La qualité des cinq sculptures du premier groupe est totalement différente de celle du second groupe. Pour trois d’entre elles, la Vierge à l’enfant, Saint-Julien et Saint-Paul, elles apparaissent plus vivantes, offrant des formes longilignes avec un déhanchement, une recherche dans le retombé des plis des vêtements. La stature des deux diacres est certes plus figée. Elles entrent, sauf Saint-Paul, au sein d’une cohérence iconographique qui a pour unité de rappeler les Patrons de l’origine de l’Eglise mancelle, en le marquant fortement par une hiérarchie par leur emplacement et par le dessin des culots et des dais très travaillés. La Vierge à l’enfant et Saint-Julien affirment leur prééminence. On peut malgré tout se demander, si le bûchage d’une fraction des colonnettes de leur encadrement, de façon à les pour les introduire dans les niches prévues pour la Vierge et Julien, ne correspondrait pas à une recomposition plus tardive, ou à une simple erreur de taille du gabarit de ces deux statues !

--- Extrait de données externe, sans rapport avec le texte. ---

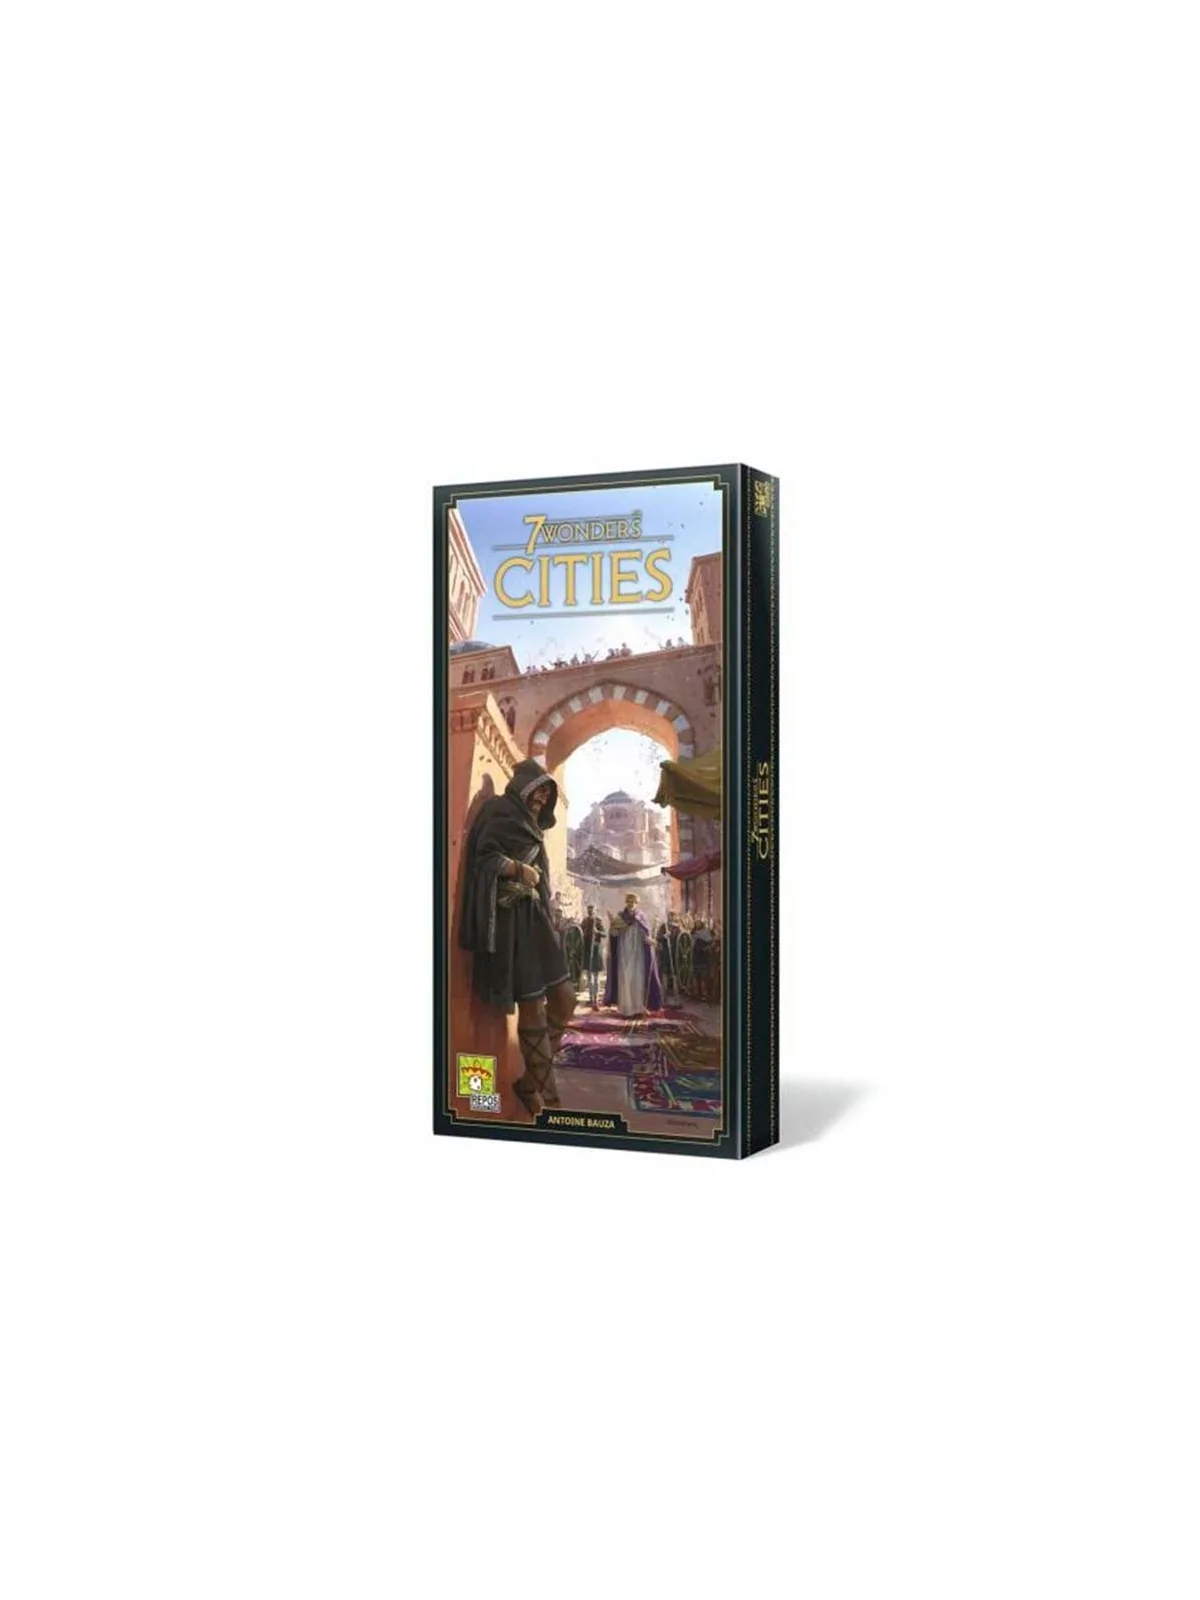 Comprar 7 Wonders: Cities - Nueva Edición barato al mejor precio 22,49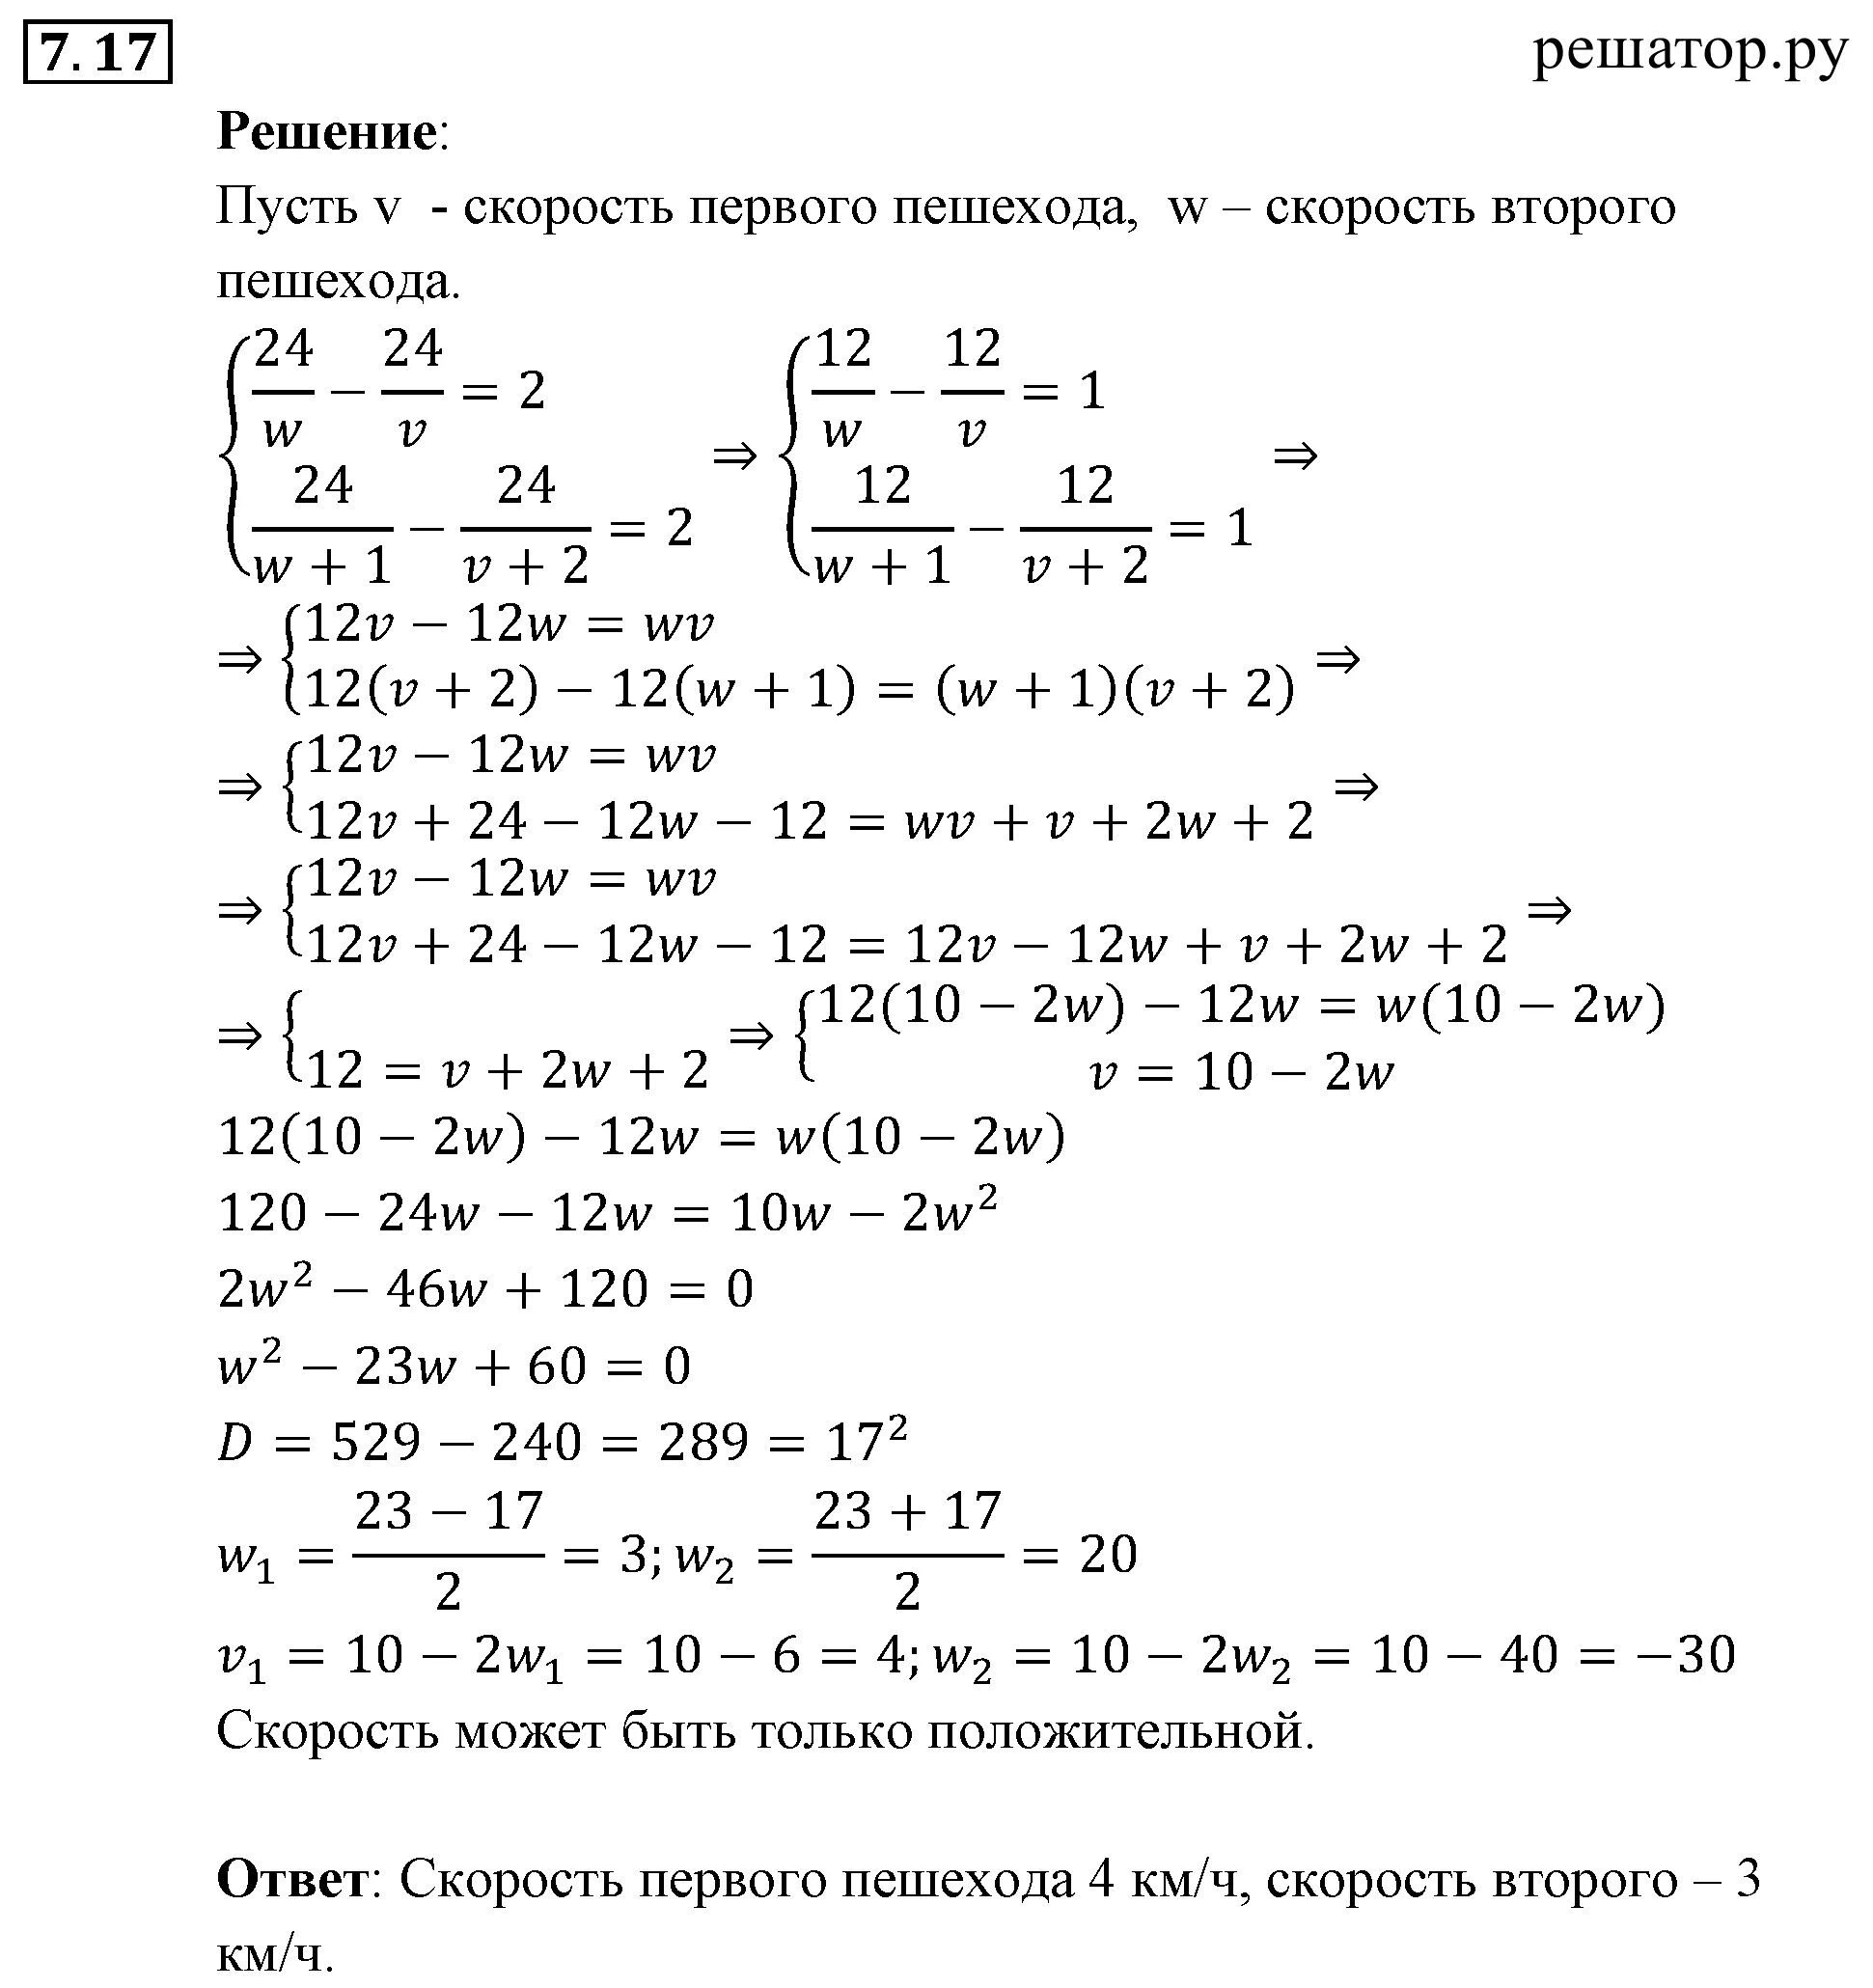 7.17 Алгебра 9 класс Мордкович. Алгебра 7 класс Мордкович 9.18. Решебник по математике мордкович

Le second groupe situé sur le croisillon Est se compose d’un évêque (est-ce Julien ?) et d’une Vierge à l’enfant n’offre pas la même qualité. L’évêque a une attitude raidie, se rapprochant de celle observée sur les gisants de l’époque comme le fait remarquer A.Mussat. La vierge manque de sveltesse, tout en livrant finesse dans le rendu des vêtements.

Le troisième groupe, regroupe trois types de personnages (2 évêques, 3 diacres et une Vierge) disposés autour de la tour, montre une cohérence stylistique indéniable. On y retrouve encadrement de même type, une statuaire de même gabarit, dans une position raide, au rendu des vêtements toujours identiques.

Sources :

A.Ledru, La cathédrale du Mans, construction du croisillon méridional, P.M., 1921, p.40.

André Mussat : La cathédrale du Mans, édit. Berger-Levrault, 1981.

Michel Bouttier : La cathédrale du Mans, édit. La Reinette, janvier 2000.